益城町学校給食センターへの支援事業は、熊本ライオンズクラブの計画として始まった。同クラブは地震が発生した16年にクラブ結成60周年を迎え、その記念事業を熊本地震で最も被害が大きかった益城町の支援に絞り、西村博則町長と折衝を始めた。その中で、町が給食センターの再建資金集めに苦戦していることを知った。が、事業規模が大きく、単一クラブでの実施は困難と判断し、337-E地区キャビネットに相談。同地区アラート委員会で検討の上、地区としての支援が決定し、LCIFヘ交付金を申請した。

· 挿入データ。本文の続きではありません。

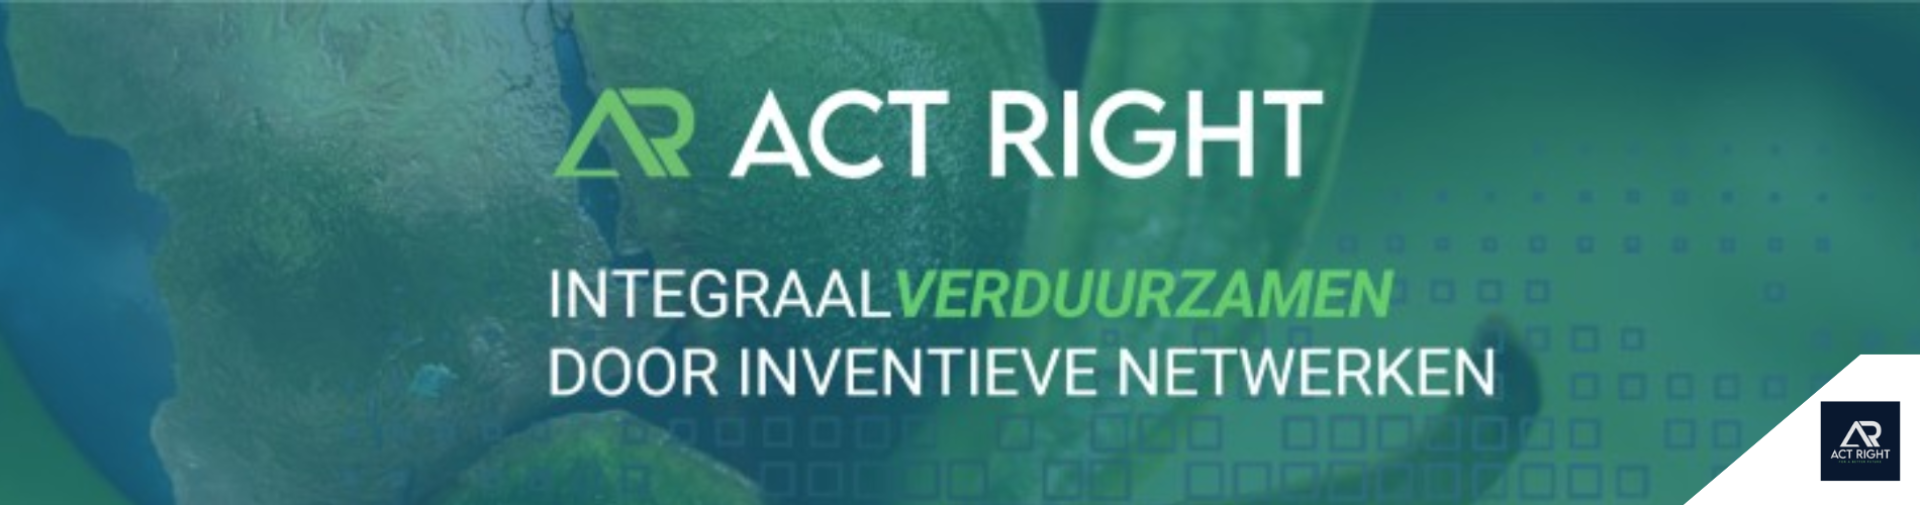 Act_right_banner

事業の責任者だった村中尊裕亀元337複合地区ガバナー協議会議長は当時を振り返りながら、
「この事業は、子どもたちに温かい給食を、と熊本ライオンズクラブから提案があり、地区の事業として取り組むことになりました。かなり大掛かりな事業計画でしたが、LCIFからは私どもの申請通りの約3億7000万円という大きな金額を交付して頂けました。全世界のライオンズクラブに感謝致します。これを機に私どもも、LCIFヘより一層の貢献が出来るよう力を尽くしていきたいと思います」
と話している。

こうして再建された益城町学校給食センターでは19年3月1日から一部学校で給食を開始。そして新学期の4月10日から本格稼働し、益城町内の小学校5校、中学校2校の児童・生徒約3400人分の給食提供を始めた(「熊本地震災害に対するLCIF交付金事業が完了」)。再建されたセンターはオール電化で1日最大3500食の調理が出来、炊き出しのための非常用調理室や備蓄倉庫、自家発電装置などを備えている。総事業費は約20億5000万円。このうちライオンズクラブでは、配送トラックや調理場の備品、町立小中学校の全児童・生徒が使用する食器などの調達費用を支援した。